# Help 2006 wiring diagrams



## sutol1 (Sep 4, 2009)

Hello all, 

I am putting a GTO LS2 into my miata and in desparate need of finding wiring diagrams so I can bring it to life. I have searched many a thread but have not nailed it yet. Can anyone help me on this one?

Kind Regards


----------



## FastFrank (Jun 12, 2009)

You're putting an LS2 into a Miata? Sorry, I can't help you with wiring diagrams, but you definitely got my interest. I can't help thinking that you're going to destroy the handling characteristics of the Miata. I assume you're pulling the engine from a wrecked GTO?

You gotta post pics of this when you're finished.


----------



## HP11 (Apr 11, 2009)

Sorry sutol1, I know this isn't any help to you. It's more to show Frank. I've actually seen one in person though as I recall it was an LS1. Don't know how it handled but imagine the acceleration! Here's a youtube that shows that it can be done:


----------



## MorpheusRS (Mar 5, 2009)

crazy! i'd love to drive one of those babies!


----------



## Rukee (Feb 8, 2007)

Don't they sell the engine controler and harness as a kit for doing just this?? Putting the LS2 into places it doesn't belong.


----------



## sutol1 (Sep 4, 2009)

I will send pics shortly. I have the motor in and it is going well. Actually it doesn't change the handling at all on the car. You see the difference between a miata engine with a supercharger and intergcooler is the same as it is with the ls2. Miata is iron block and very heavy. The total difference is about 130 pounds on my car with 1/3 of that to the back. The miata will still remain 50/50. The kit I am using puts the engine back with only 1/4 gap to the firewall. This keeps the weight where is should be. 

Currently no there is no kit that allows plug and play for the miata. I have to tie the LS2 into the existing miata harness. Thing is GM stop supplying the manuals and I am in canada to boot so the GTO was never sold here. I am dying to fire this thing up but until I can wire it .....it will sit.


----------



## FastFrank (Jun 12, 2009)

HP11 said:


> Sorry sutol1, I know this isn't any help to you. It's more to show Frank. I've actually seen one in person though as I recall it was an LS1. Don't know how it handled but imagine the acceleration! Here's a youtube that shows that it can be done:


Thanks for posting that video. There's something almost cartoonish about seeing a miata and hearing the LS1 exhaust note. Looks like there is plenty of room for it in there though. Looks like still has a little work to do though because his cel is on.

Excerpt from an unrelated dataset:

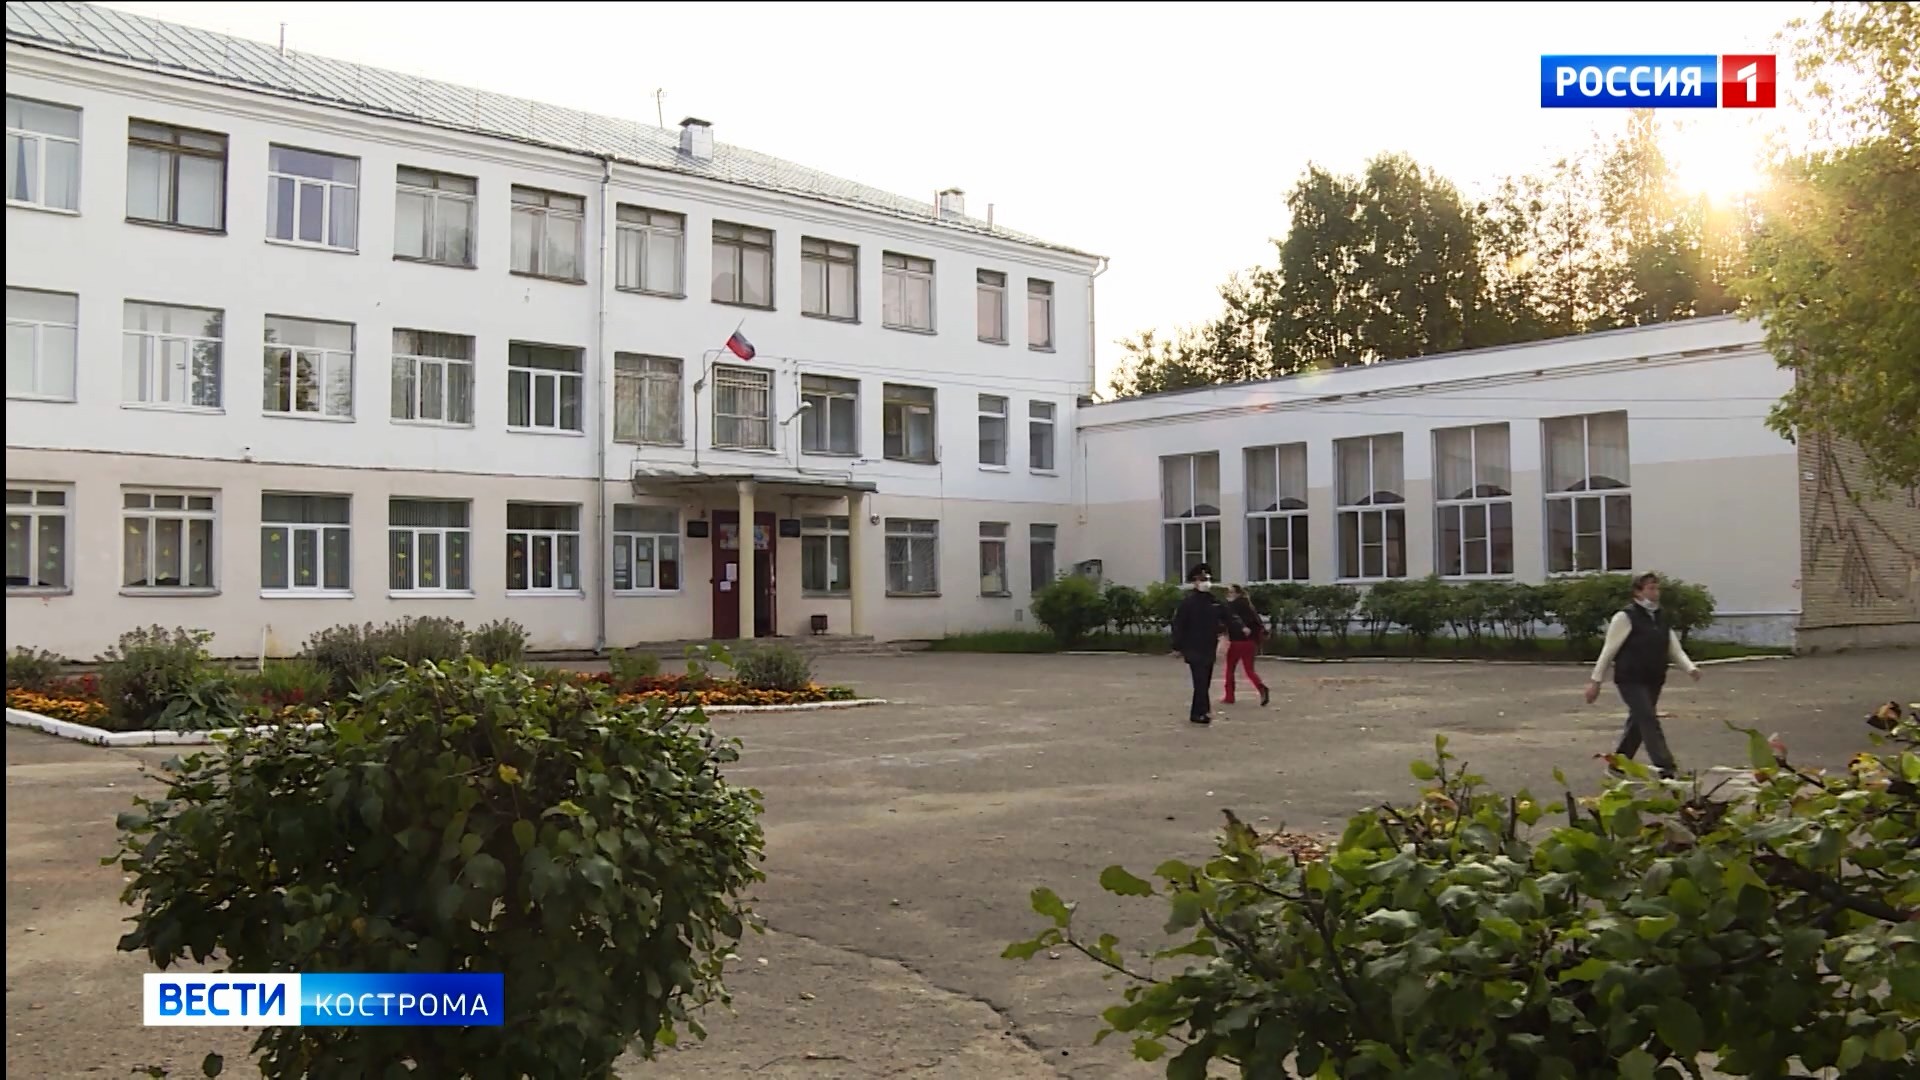 Избирательные участки Костромской области готовы к голосованию

It's good to hear that the balance won't be drastically affected by this swap. Cool swap.:cool


----------



## HP11 (Apr 11, 2009)

His CEL might only be on because nothing is connected to it. If he's using a stand-alone system to run his LS1 then the Miata ECU likely isn't even hooked up since the stand-alone system would have it's own monitoring system.


----------